El icónico pino navideño de la plaza San Martín ya está en armado. Rudy Heidecker y su modesto escuadrón de colaboradores esperan tenerlo listo para el encendido este sábado 18 de diciembre. Con algunas modificaciones necesarias y mucho esfuerzo, la tradición se sostiene por séptimo año consecutivo. A la espera de su inauguración, recordamos los comienzos de este colosal trabajo que combina reciclado y espíritu navideño.

Al rayo del sol, en plena tarde sanmartinense, Rudy y el equipo de asistentes de Espacios Verdes se encuentran abocados a instalar medias esferas sobre una maya metálica a varios metros de altura. La estructura sufrió algunos cambios, debido al deterioro, que llevó a transformar las enormes esferas de alambre y botellas recicladas en medios círculos pintados de un color llamado “Lima exuberante”. “Yo ya no quería armarlo porque cada vez tenemos menos ayuda y la restauración lleva mucho trabajo. Al final vino Apaolaza a ayudar para que lo volvamos a hacer, junto con estos chicos. Hace dos semanas que estamos trabajando y esperamos que esté listo para el sábado”, explica Rudy a RSM.
Hace un año atrás, en una entrevista mano a mano con su creador, RSM conoció la historia de cómo había nacido esta iniciativa creativa y sustentable. “La idea del pino surgió en 2015, cuando 3 comerciantes de la avenida San Martín se propusieron reflotar la Navidad Cordillerana. Yo no sabía nada de eso, a mi señora y a mí nos convocó Brunilda Rebolledo y nos puso en contacto con ellos. Tenían un video de una arquitecta ucraniana que había hecho un árbol de navidad de 13 metros de altura con los fondos de las botellas verdes y querían reproducirlo, pero no sabían cómo. Entonces arrancamos a hacer pruebas”.
“Me mostraron el videíto y empecé a hacer pruebas con materiales que tenía en casa y la máquina de soldar que me prestó un vecino. Me encontré con un montón de problemas, en cuanto a la estructura, que se hundía, hasta que di en la tecla con la forma. Entonces se lo presenté a estos muchachos y lo convencimos a Daniel Gallo, que es arquitecto, para que hiciera el proyecto de una estructura que sostuviera todo”, relataba Rudy, durante la víspera navideña del 2020.

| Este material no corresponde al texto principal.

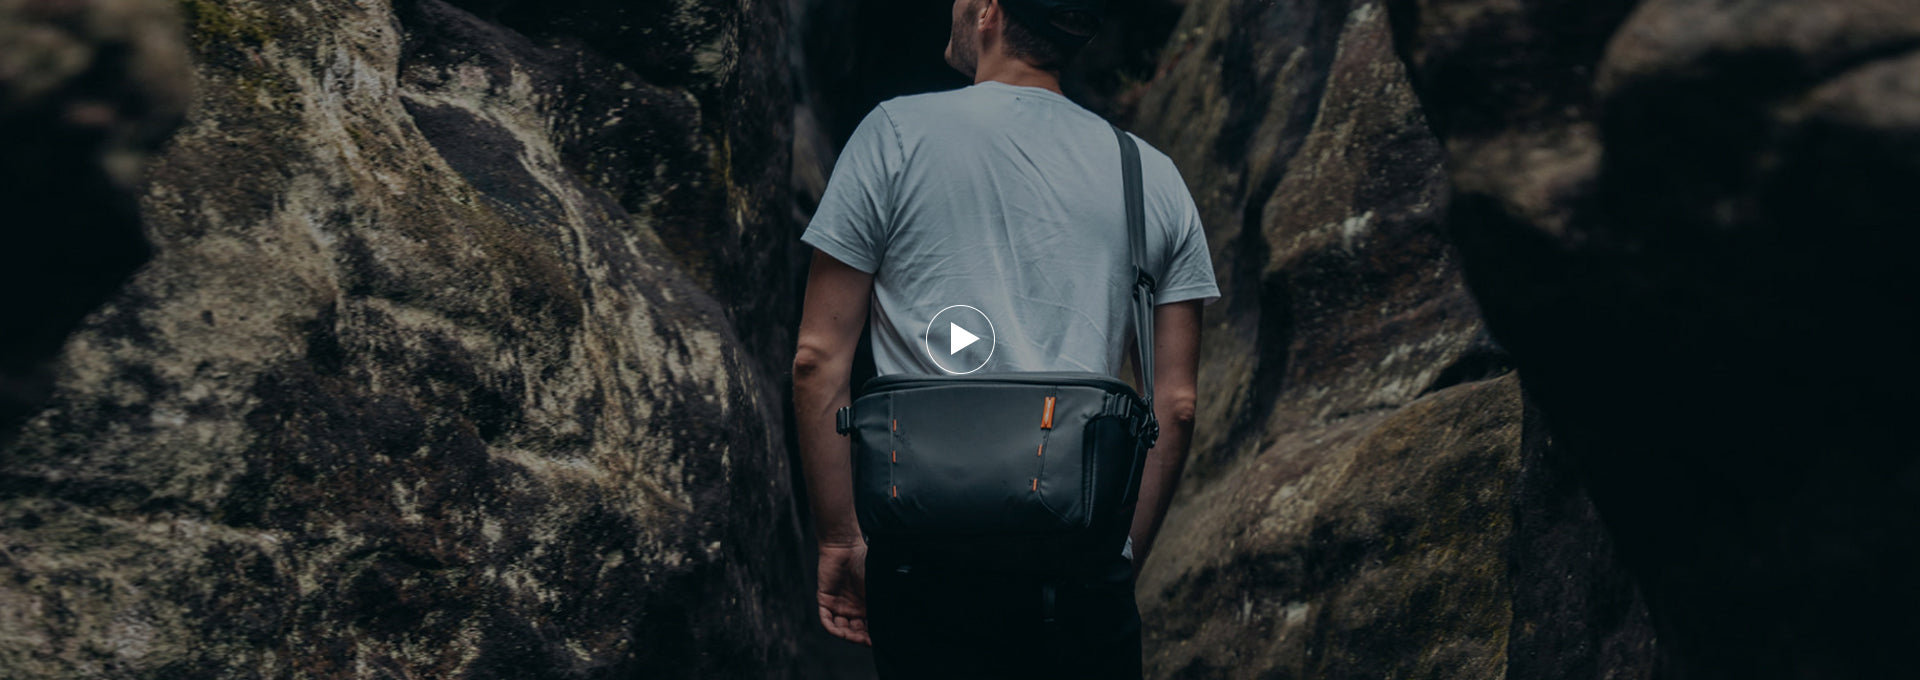 OneMo 2 Backpack - An excellent Photography pack for Adventure Travel

El primer año, Rudy fue ayudado por más de 70 personas, entre voluntarios que respondieron a un anuncio y muchachos del ejército, que ayudaban a lavar las botellas, cortarlas y agujerearlas. En total se usaron 19.300 botellas, que en ese momento venían del SIRVE, porque todavía no estaban los canastos de reciclaje en las plazas. Es por esto que el lavado fue una tarea fundamental, por el deterioro y la suciedad del material. También se trajeron botellas de Junín de los Andes y Villa La Angostura.
Rudy recuerda que eran jornadas de 12 o 13 horas de trabajo en las cuales recibía también la ayuda de vecinos, que aprovechaban la media tarde, cuando cerraban sus negocios, para ir a dar una mano. “Me acuerdo que la primera vez que armamos el pino y lo inauguramos, trabajamos todo un lunes y martes de corrido para instalarlo. Fue muy gratificante, la emoción de ver tanta gente en la plaza, convocada por el pino. A través de los años se fue perdiendo el entusiasmo, no de los espectadores sino de los colaboradores”.
Este año, como aquella vez en 2015, fueron los comerciantes, representados por la Cámara de Comercio, quienes se propusieron reflotar la tradicional Navidad Cordillerana. Acompañando al pino de la plaza San Martín ya se instalaron estrellas de madera con luces en la costa del lago y la rotonda del barrio el Arenal, mientras que se agregan luces y carteles en la avenida principal. Durante el fin de semana se llevarán a cabo los festejos organizados tanto en el centro de la ciudad como en distintas delegaciones barriales.